Solitaire by Alice Oseman (HarperCollins Children's, 31 July 2014)
SOLITAIRE is a bit of a strange one. It's the only book I've ever read which has actually come close to depicting what my life felt like as a teenager, but I'm not 100% sure whether this necessarily makes it a good book. I think, for now, I'm going to say that yes, it sort of does.
Tori Spring is sixteen. She goes to Higgs Grammar School. She blogs. Her life is completely uninspiring. That is until, all in the same day, she meets an eccentric boy called Michael, stumbles upon a mysterious blog called Solitaire, and reunites with her childhood best friend, Lucas. Solitaire begins to play pranks on the school, which grow bigger and gradually more out of hand. The strange thing is, all the things that Solitaire does seem to hold special meaning for Tori alone. With Michael's help, Tori might just discover the truth behind Solitaire.
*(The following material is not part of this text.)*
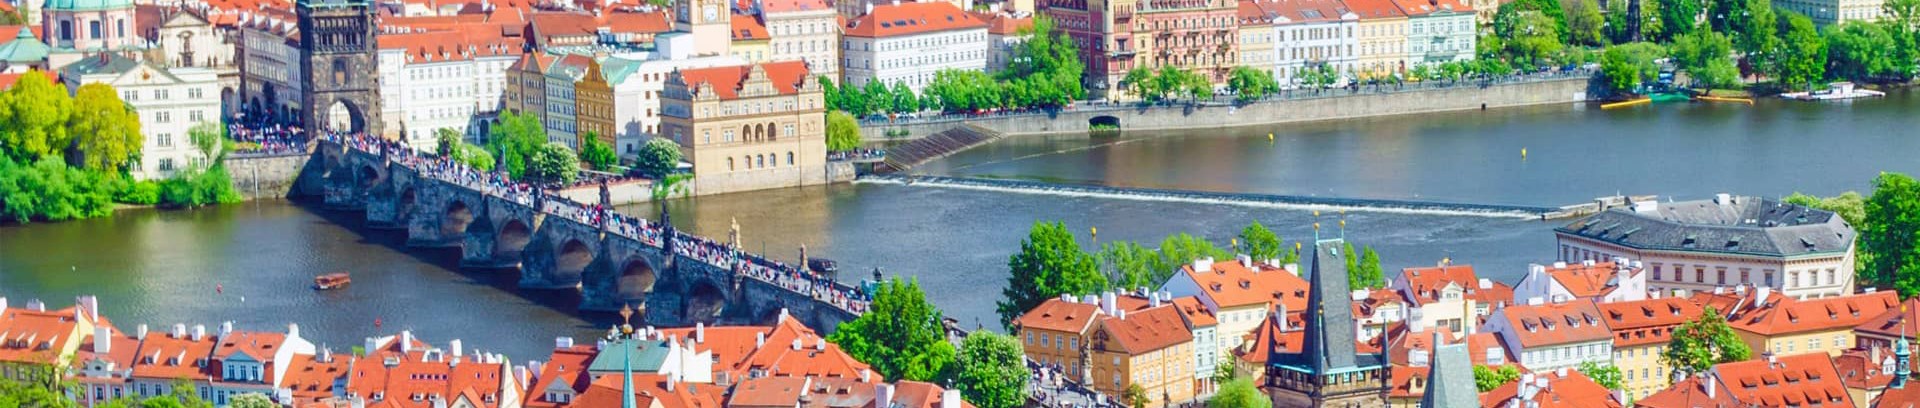 Tjekkiet by, sprogkursus i tjekkisk ved FOF Aarhus
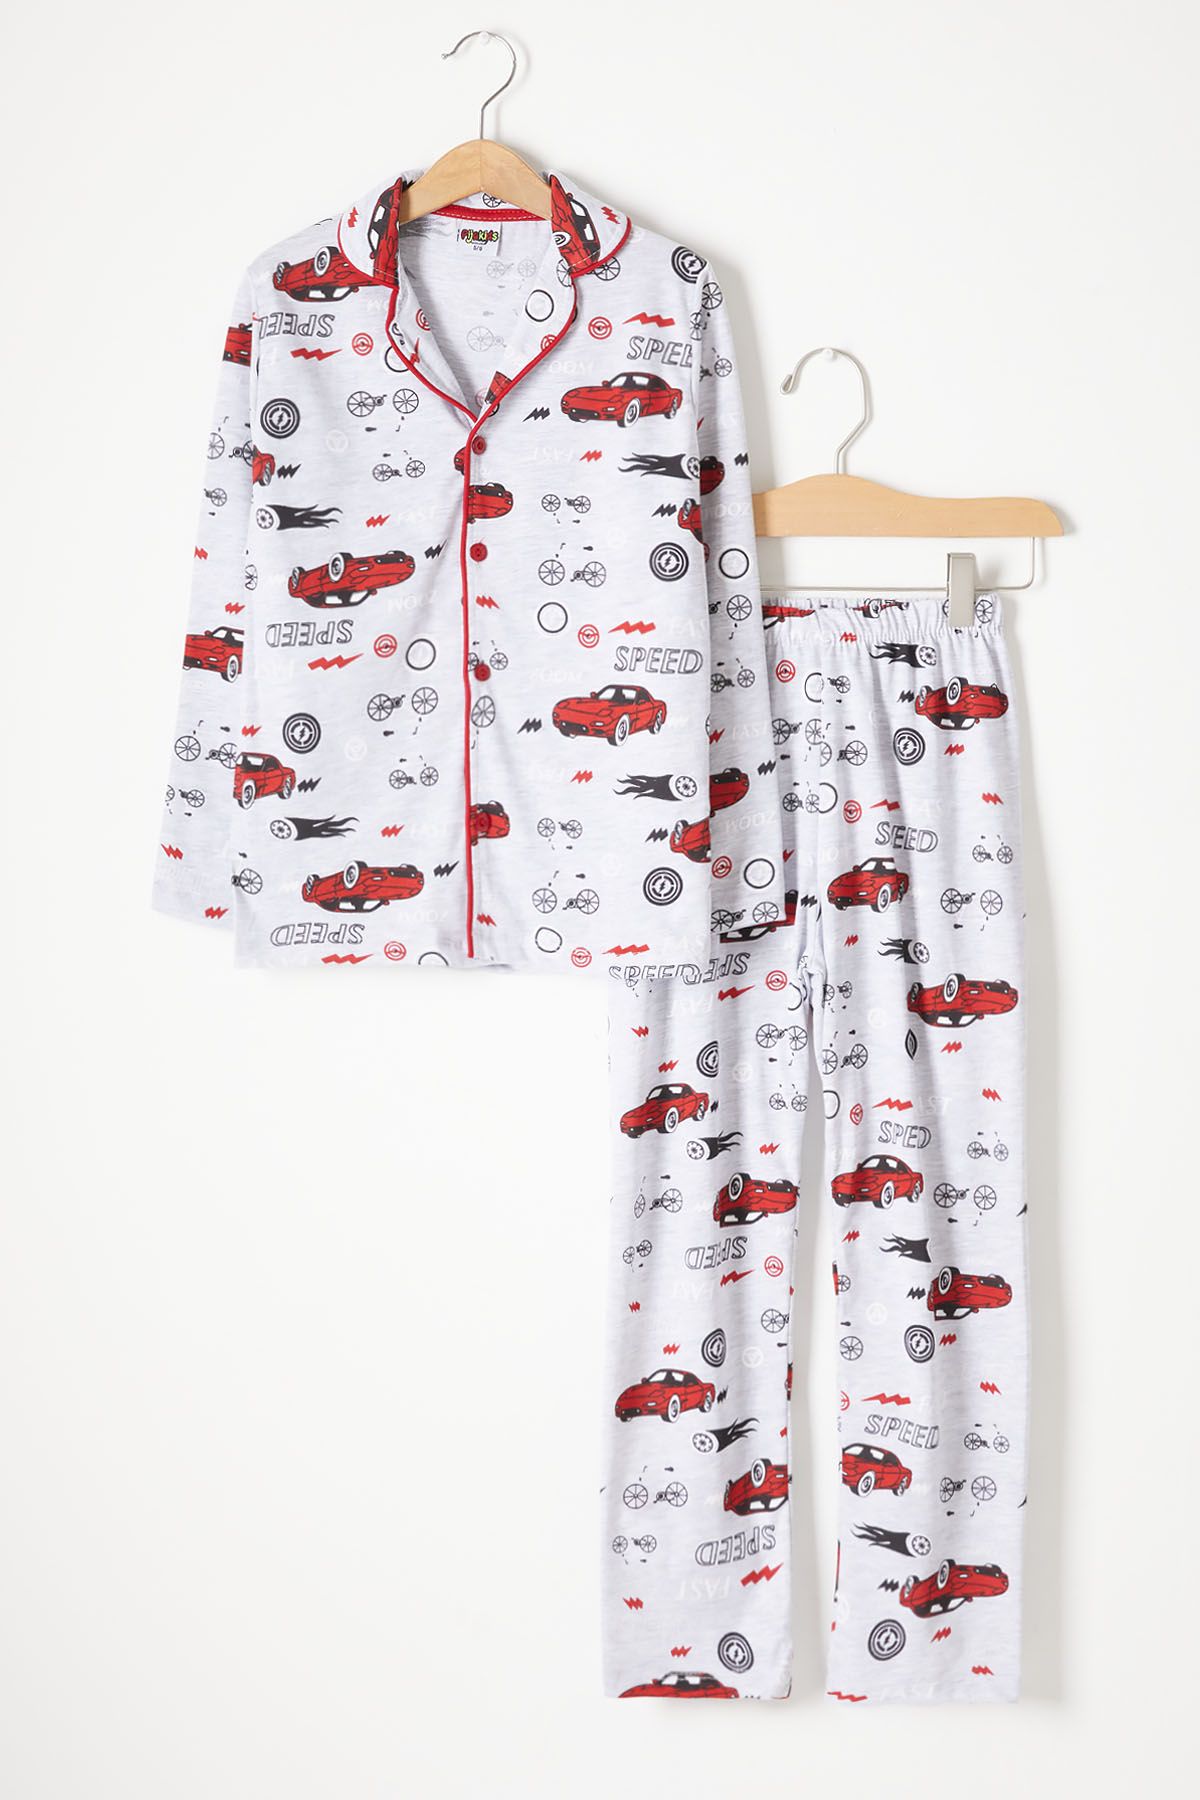 Cansın Mini Araba Desenli Erkek Çocuk Pijama Takımı 16328

As I was reading this book, I kept thinking that I probably used to be Tori at some point in my life, and I'm really glad I've stopped being Tori, because being Tori is no fun, and it's also no fun reading about being Tori, either. Tori doesn't care about anything. She lives in this monotonous fog of sadness. She goes to school. She hates everyone there. She doesn't talk to people. She goes home. She spends the rest of her time on the Internet, on her blog. She stays awake at night. She feels sad. She feels nothing.
So much of this book was just. That. That repetitive, dull rhythm of Tori's life. This whole book was shrouded in Tori's fog, and it made it incredibly hard to care about anything that was going on, because Tori acted like she didn't care. I know Tori. I know her because I was her, at some point. And to read about in a YA book, to have that boring, sad life laid bare on the page, is really, really strange. On the one hand, I feel like it's a good thing that this book is about how some teenagers, a lot of teenagers, feel sad and have their lives clouded by sadness at some point during their teenage years, and that's okay. It's okay to be sad. But on the other hand, it doesn't exactly make thrilling book material. I was bored but also, strangely, not bored. I just felt like I was being asked to relive 2006 to 2010 all over again, those years when I was Tori.
I wanted to hate Tori, but I couldn't. She was self-absorbed and unsympathetic, but that's very real and relatable. We can't deny that we're probably all like that sometimes.
Even when Tori finally started to care about things, I found it difficult to start with her. Nothing much happens, and the climax is oddly anti-climactic. I wasn't hugely into the whole Solitaire mystery and I guessed early on who was behind it all. I didn't care for Michael, Tori's new friend and something of a love interest. He's the bright light in what is otherwise a pretty depressing book, but he just didn't interest me. I did like some of the side characters, particularly Charlie, Tori's brother, and Becky, Tori's best friend. Becky, especially, was awesome in surprising ways, and Tori and Becky's crumbling friendship was one of the few things that really moved me in this book. And Charlie, well. Charlie's gay. He has a boyfriend, Nick. He also has an eating disorder and he self-harms. I liked all of that. I liked that he and Nick seemed so in love, but that doesn't solve any of Charlie's problems.
I found this book well-written – the prose was beautiful at times – and utterly authentic. It's really different to all the other YA contemporaries out there. But I just can't figure out how I really feel about it. For all the seemingly negative things I've said about it, I believe it's a good book. It's true to life and has important things to say, and I wonder how differently I would have felt about this book if I'd read it back when I was actually Tori Spring.